An embedding is a learned lookup table combined with a neural network transformation. Three steps turn text into vectors.

Step 1

Tokenization

Text is split into subword tokens from a fixed vocabulary.

"cat" → [2368]
"unbelievable" → [348, 12871, 481]
"café" → [7467, 2634]

Step 2

Embedding Lookup

Each token ID maps to a row in a learned matrix — the embedding table.
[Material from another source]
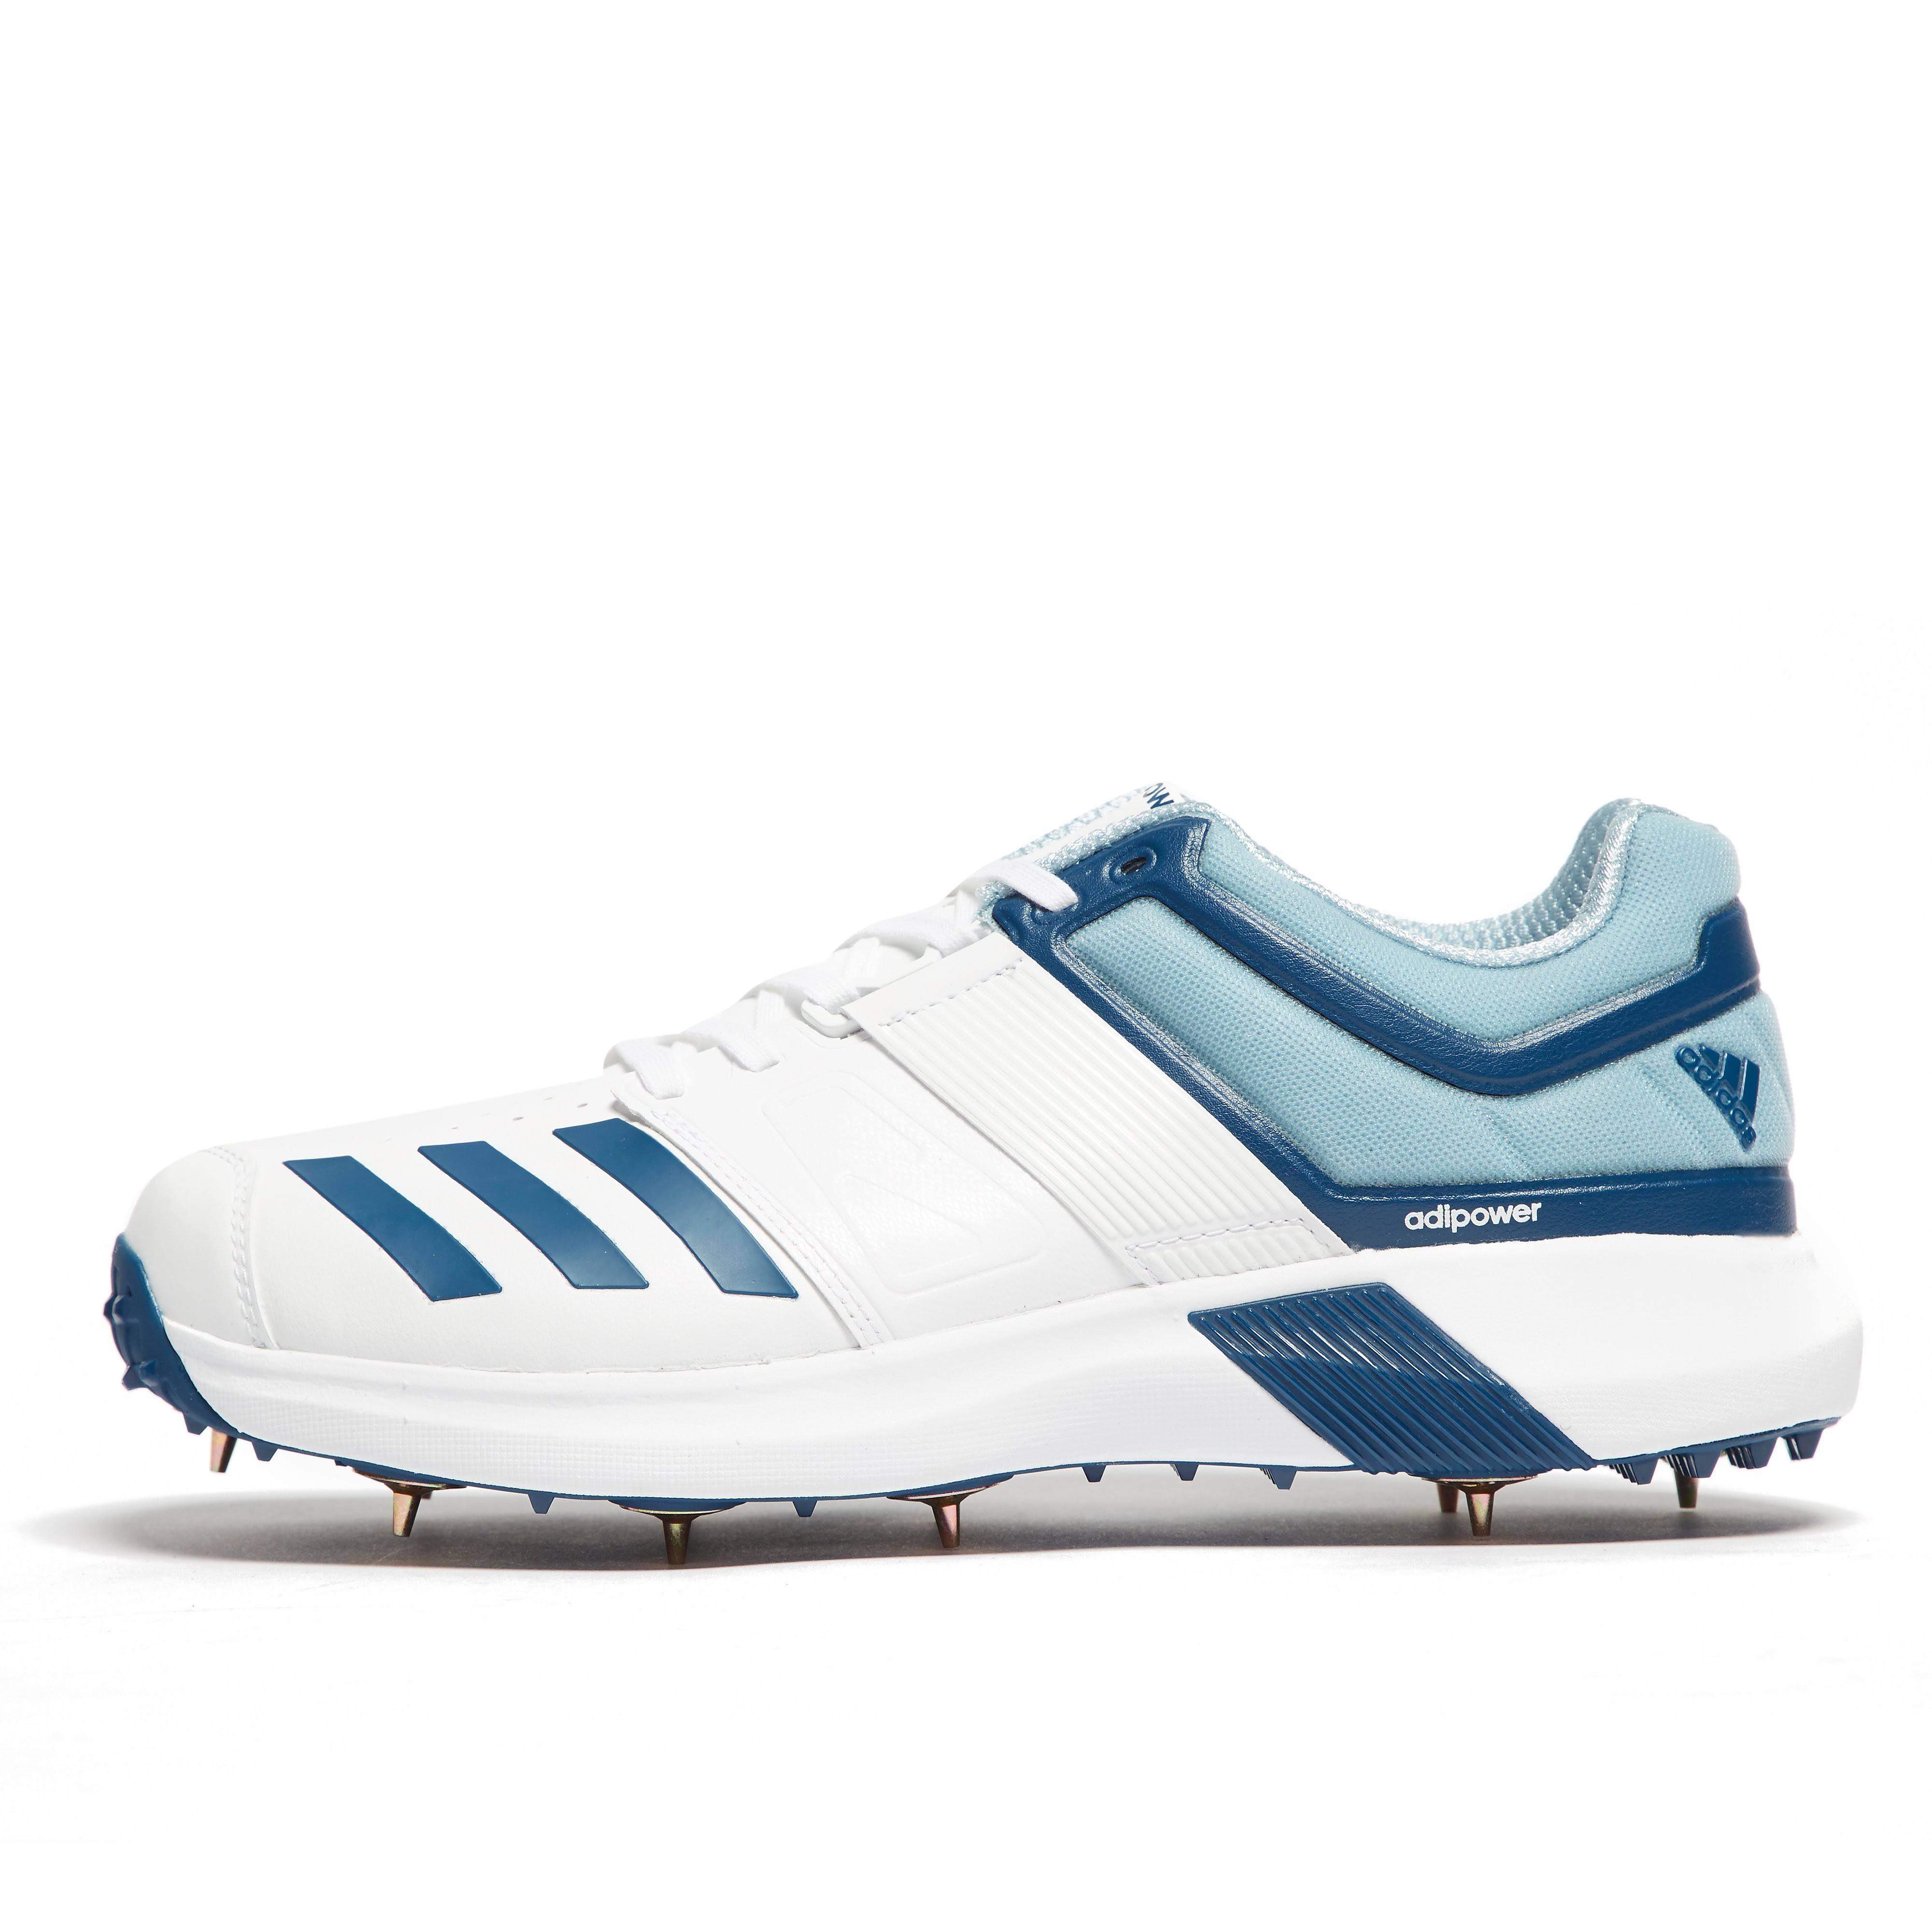 Adidas Adipower Vector Cricket Spike - UK 11

# 50,000 tokens × 768 dimensions
table.shape = (50000, 768)
vec = table[2368]  # Shape: (768,)

Step 3

Transformer Processing

Attention layers let each token "look at" other tokens. Then pool to a single vector.

for layer in transformer:
    x = layer.attention(x)
    x = layer.feedforward(x)
output = mean(x)  # (768,)

How Training Creates Meaning

The weights start random. Contrastive learning adjusts them: similar sentences should have similar vectors, dissimilar sentences should be far apart.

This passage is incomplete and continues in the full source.